Helen Jones and I sat in the front seat of the big brown stationwagon and visited while I drove; in the rear view mirror, Beverly and Tal sat side by side. They talked about how nice an evening it had been and Beverly tried to figure out when next they might be together. Tal wasn’t much help but now had one arm around her, holding her hand with his free one.
It would have been five minutes quicker to take Beverly home first, but that would have cut short her time with Tal. We drove to Harrison and Tyler, found the Mission, told Tal goodnight, and watched him go inside to his surplus army cot in the second-floor room he shared with an alcoholic. Their bath room was down the hall.
On the way to her home, Beverly told us about her father and how he would have come tonight if he hadn’t had the flu. He worked—laboring work—ten hours a day in the cold. He was still paying for his wife’s funeral. Beverly cleaned and cooked and worked when she could, but not many people wanted to hire a hunchback who couldn’t type or drive or even lift very much. I walked her to the door and waited till the light went on inside.
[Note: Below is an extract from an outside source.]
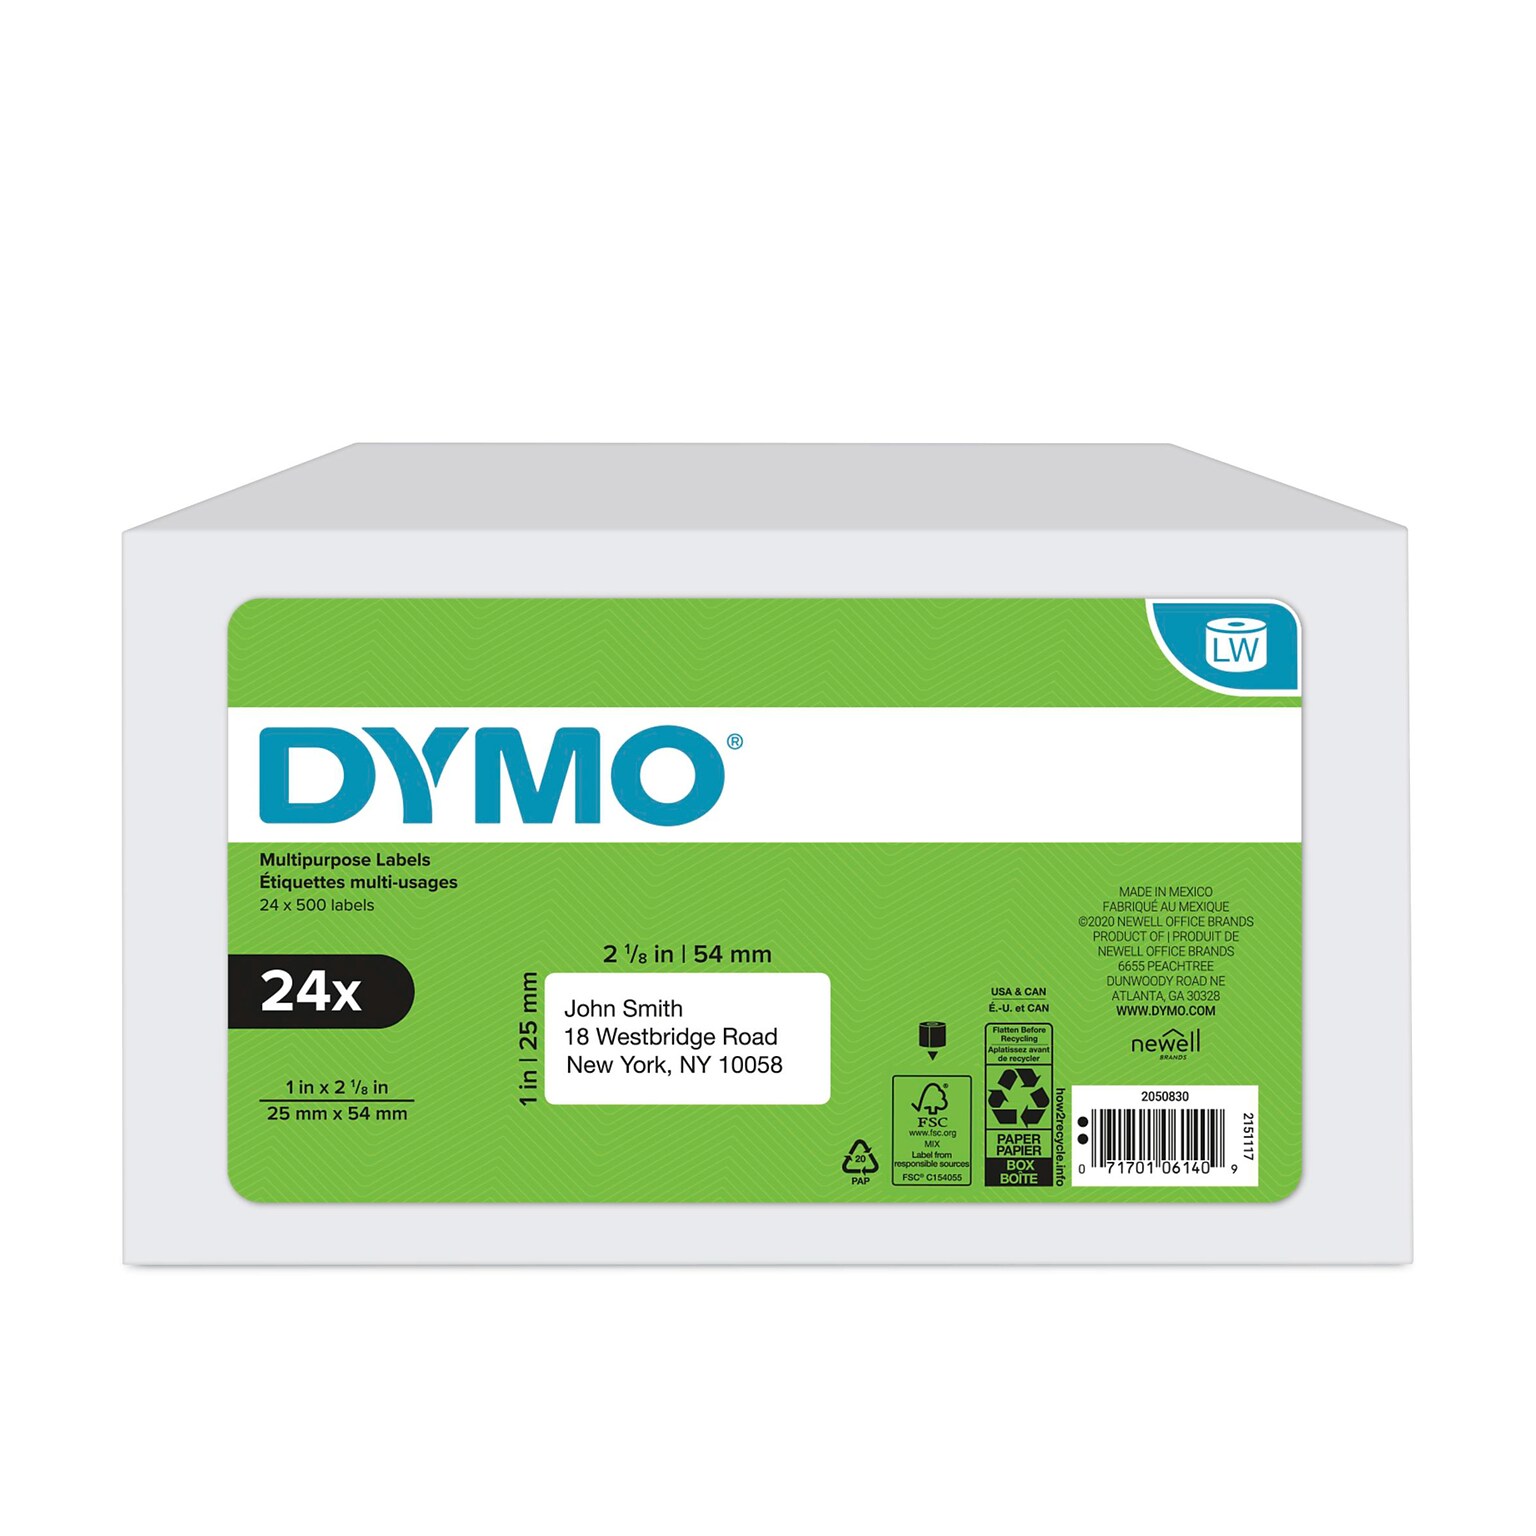 DYMO LabelWriter 2050830 Multi-Purpose Labels, 2-1/8 x 1, Black on White, 500 Labels/Roll, 24 Rolls/Box (2050830)

On the way to 68th Street, I asked Helen Jones about her husband, and what he had done for a living before he died two years ago. I remembered Paul. He was small and kind and couldn’t hear very well and he was always the first to volunteer when there was work to be done, if someone else would drive. He didn’t own a car. Helen said that Paul did pick-and-shovel work and sometimes helped a carpeter or plumber. After they joined the Church, they saved three years to get enough to ride the bus out west to the temple.